Second thing: Islam was the friend of a friend who was to pick me up from the train station in Alexandria. He didn't find out until 9am on Saturday that I was arriving at 8:30pm that night, yet he was there waiting for me (for an extra half-hour, even, as the train was late). We only had a few hours til I had to be at the airport for my flight, so we drove around Alex for a whirlwind tour. Islam showed me all kinds of things and made it better with his narration and stories. We went out for dinner (I was told I HAD to eat seafood while in Alex) and whole fish, calamari, and various salads were ordered. The bill came and Islam refused to let me pay, even though he didn't even eat since he's on a diet. ("Don't you know that women don't pay in Egypt?" "Well, I was starting to get that impression, yes, but you didn't even eat anything!" "It doesn't matter. I'm paying.") We got to the airport and by this time it was about 1am. Islam waited with me and we chatted some more because he didn't want me to be alone for too long waiting for the plane.

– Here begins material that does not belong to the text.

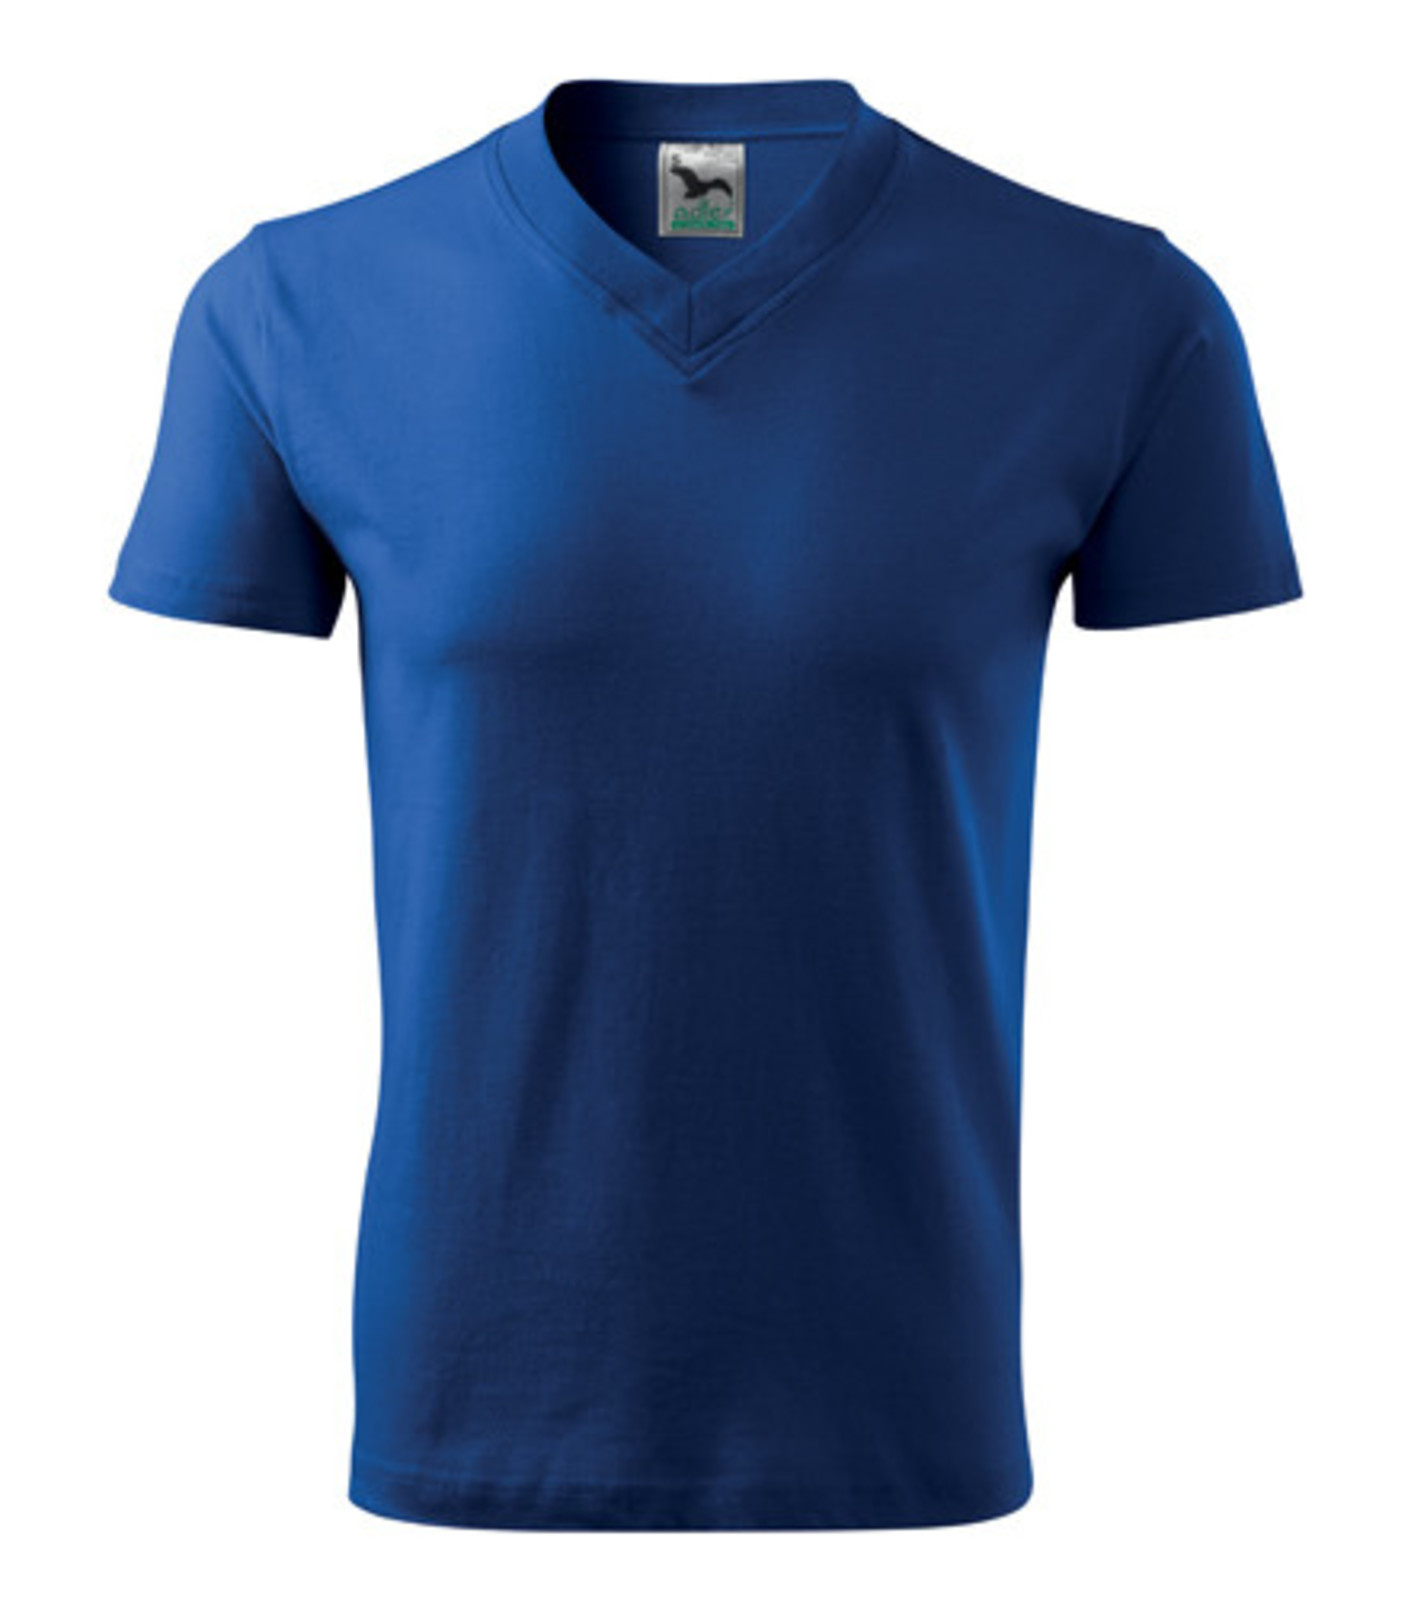 Unisex tričko s výstrihom Adler V-Neck 102 - veľkosť: 3XL, farba: kráľovská modrá

These are just two examples of scenarios where people went above and beyond for me, expecting absolutely nothing in return. So the public service announcement that is the point of this whole post: if you are a person who has stereotypes in mind of what Egyptians specifically, or Arabs in general, are all about - rethink them. The hospitality and kindness I experienced was at a level I'd never experienced before. To all of my new Egyptian friends: thank you from the bottom of my heart for an amazing time. I hope to meet each of you again in the future.